Chen Hang Feng, 32, graphic designer
I paint what look like traditional Chinese designs, but up close you can see that the patterns are actually made up from logos – I use the C from Chanel, the Converse star, Lacoste alligator.
People aren’t really interested in politics now. You should never believe anything in the papers or on TV, but the taxi drivers know everything. My father and my uncle used to talk about politics all the time, but even they’ve stopped. Money has taken over everything.

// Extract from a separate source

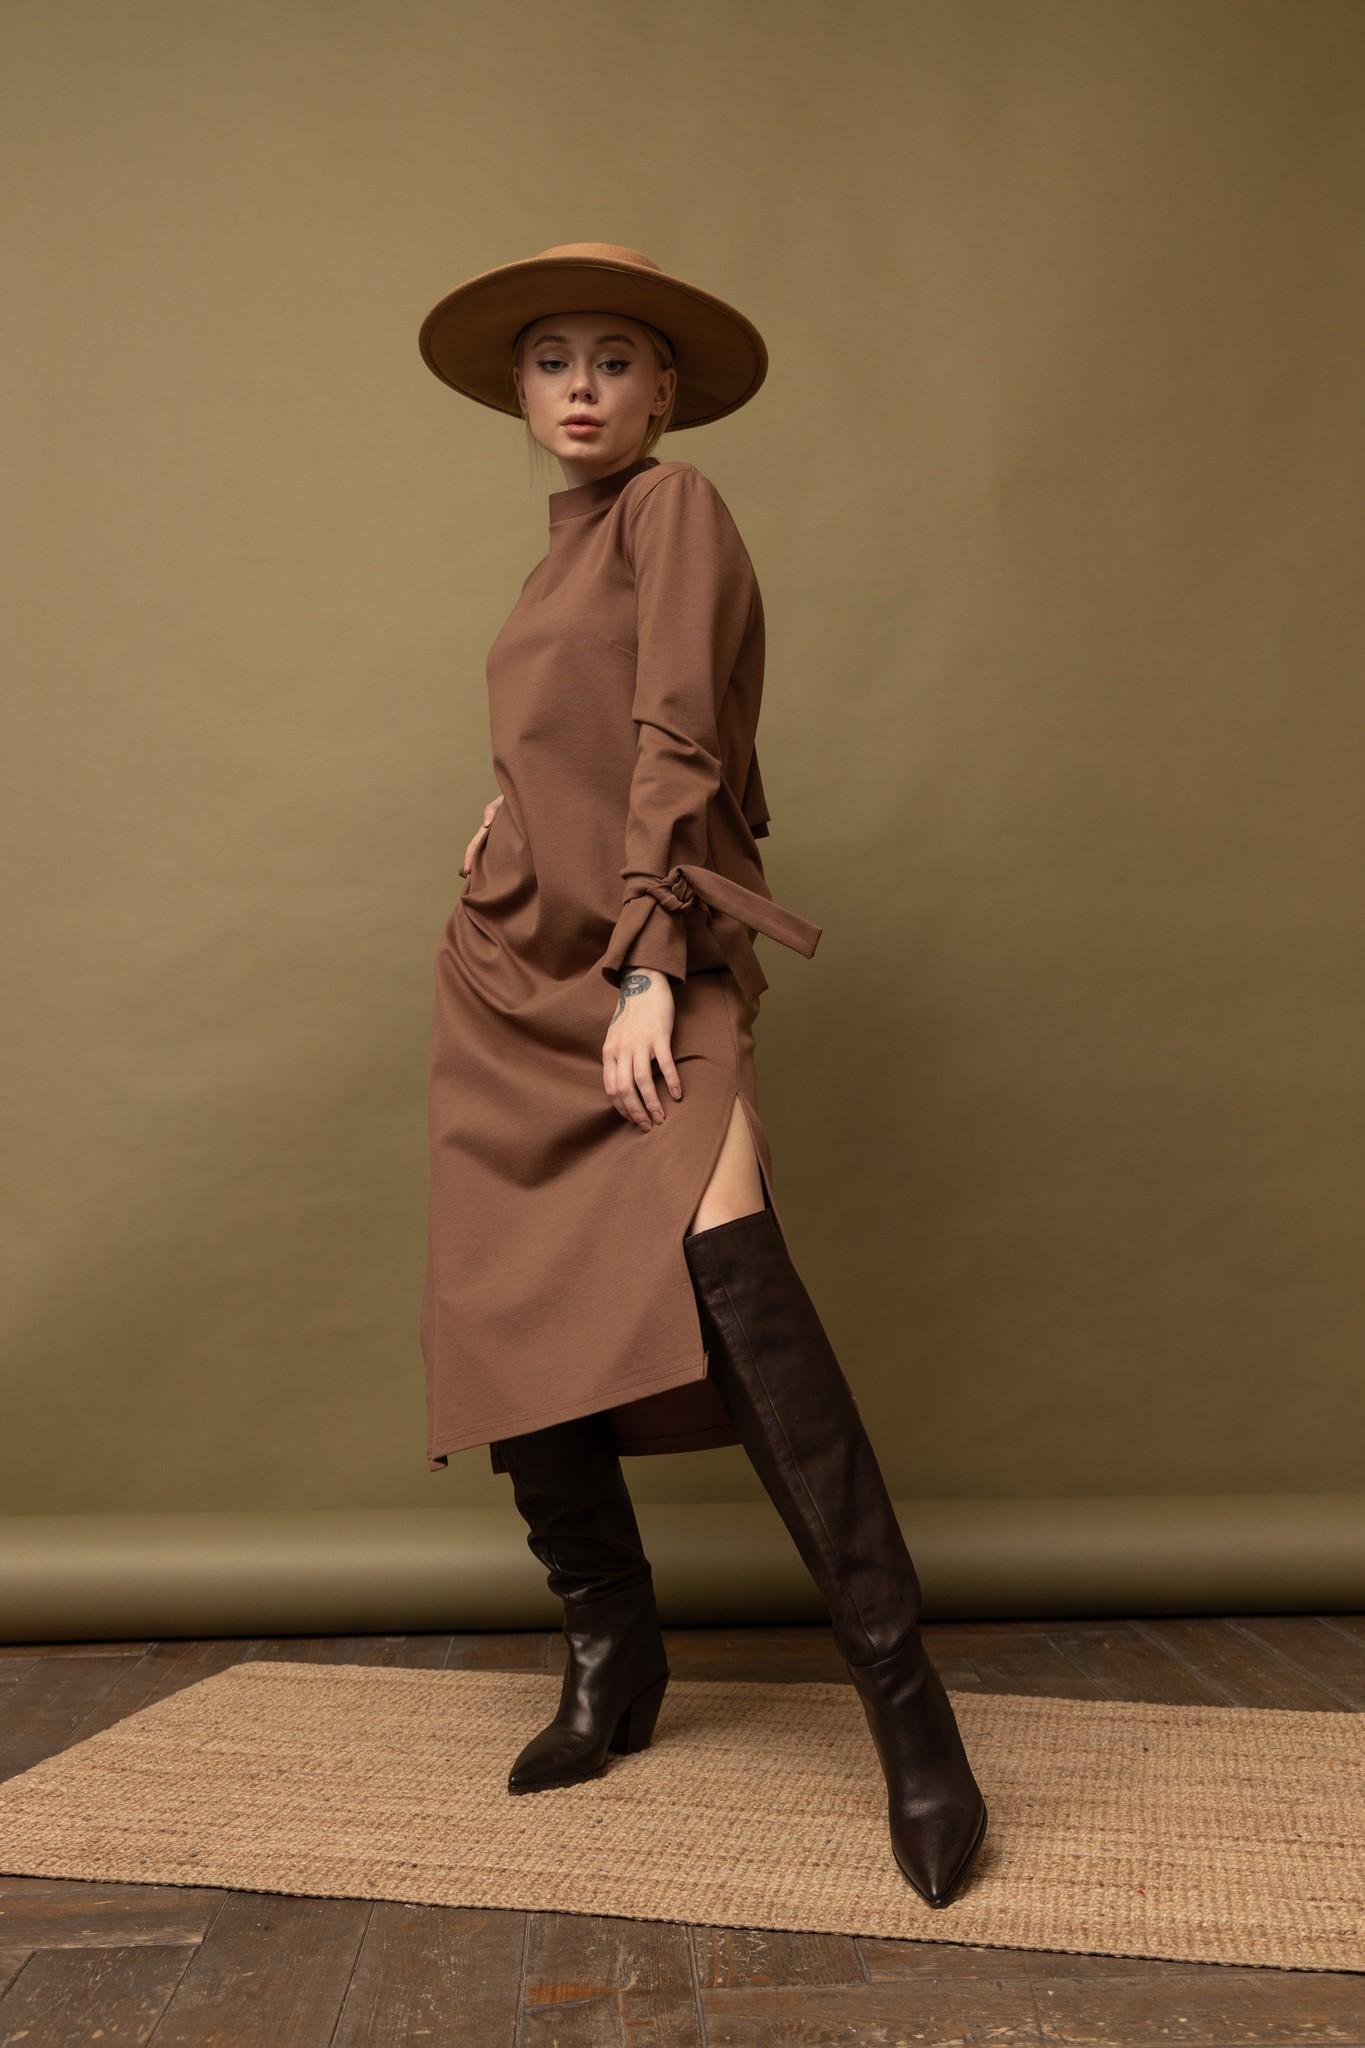 Платье прямой силуэт с декоративными элементами в виде завязок

Qian Cui Fang (Hang’s mother), 58, member of the neighbourhood committee
The Cultural Revolution was the greatest disaster of my life. Before the civil war my grandparents had been landlords, so we were considered to be capitalists. I was very good at my studies, but I couldn’t go to university. I was sent out to work in the fields; it was a very hard life. I became a tailor after that.
Part of my job now is to enforce the one-child policy. Sometimes pregnant women come from the countryside to my compound, and we have to ring the authorities in the area they are from to see if they have a licence. If they don’t, they are supposed to have an abortion, but it doesn’t always happen. They sometimes run away.

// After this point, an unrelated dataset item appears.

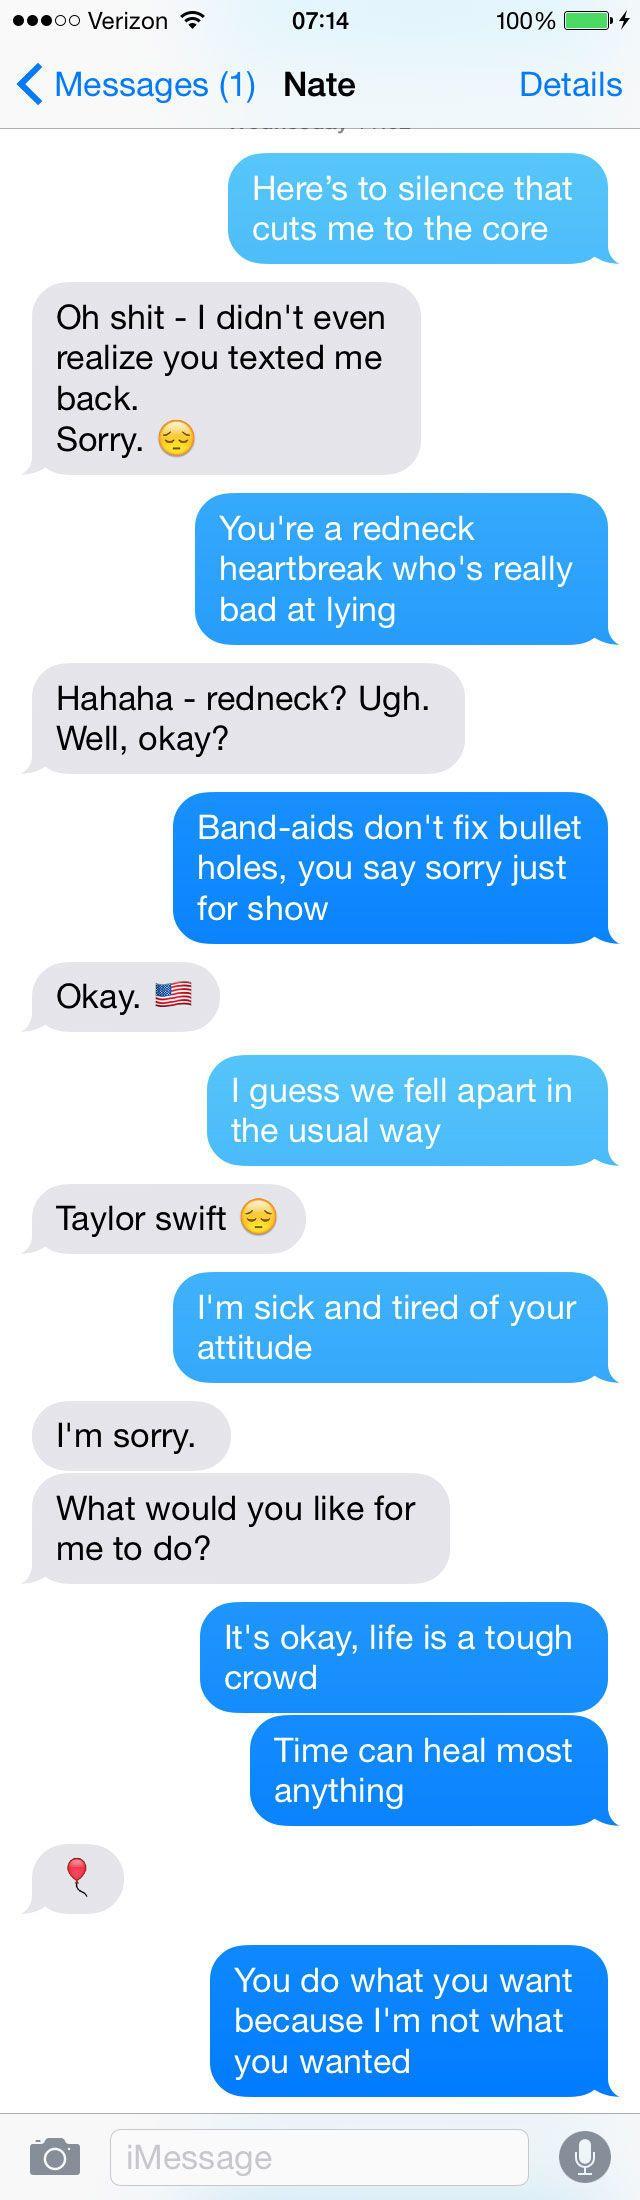 flirting moves that work through text lyrics one way lyrics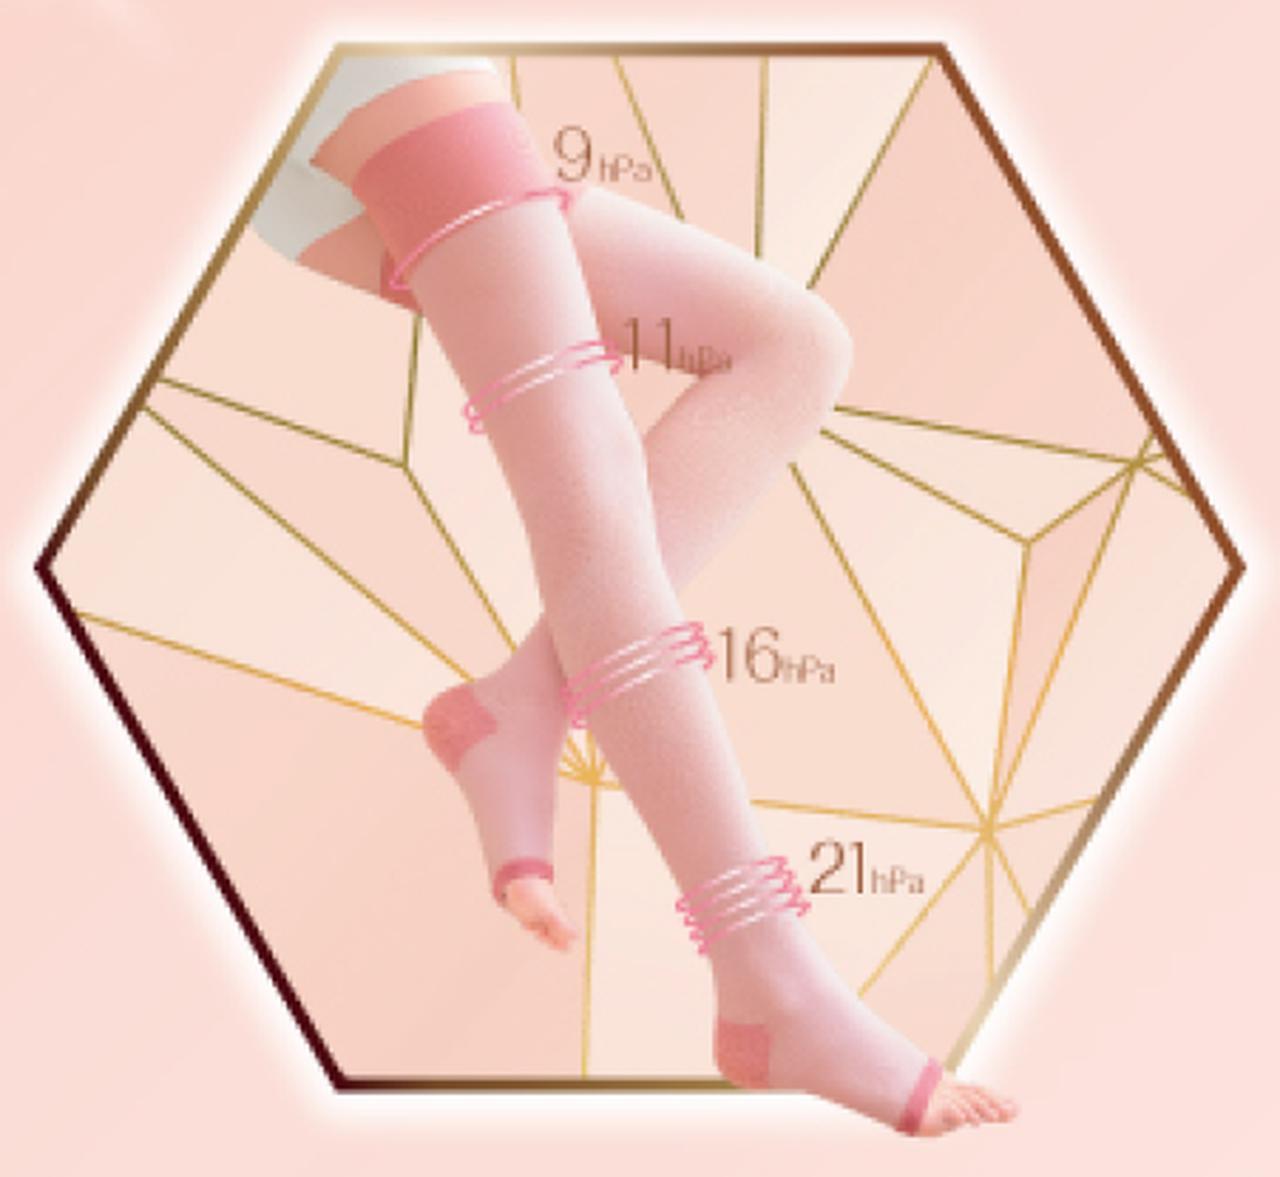 画像: ・段階圧力設計(足首21hPa、ふくらはぎ16 hPa、太もも11hPa、太ももの付け根9hPa)で脚を軽やかにスッキリ整える ・「コラーゲン配合繊維」を使用し、肌のうるおい約30%アップ※ ・ひざ上リフトケア設計でキュッと引き上げ ・ズレにくく跡残りしにくい ※本品及び当社「美脚スーパーロング」のレッグ部生地における皮膚水分率測定による比較。被験者5名での最小値は37%。

Michelle Ma, 35, marketing manager
I’ve been to this restaurant – Jade on 36 at the Shangri La Hotel – eight times now. Two years ago I’d never even tasted a glass of wine or eaten western food, but now I’m addicted to fine dining. My boyfriend and I go to restaurants at least once a week, and while many Chinese people probably think I’m mad to spend £100 on a meal, for me it’s as rewarding as going to the opera or the cinema. My lifestyle is very different to a lot of Chinese girls my age. My cousin, for example, loves to play mah jong and drink tea, just like our parents before us. If I’m going to a restaurant for lunch and a glass of champagne, I would never call her, because I know she wouldn’t enjoy it. We’re very close – in China, cousins are often like sisters – but we are two different types of Chinese women. I hate mah jong. I just think it’s a waste of time.
My cousin’s married, but none of my friends are. I’m in the most stable relationship out of any of them. We all have foreign boyfriends. It’s funny, because some of the western men go out with girls we consider really ugly. We have a joke that if you’re so ugly that you can’t get married, go get a western guy.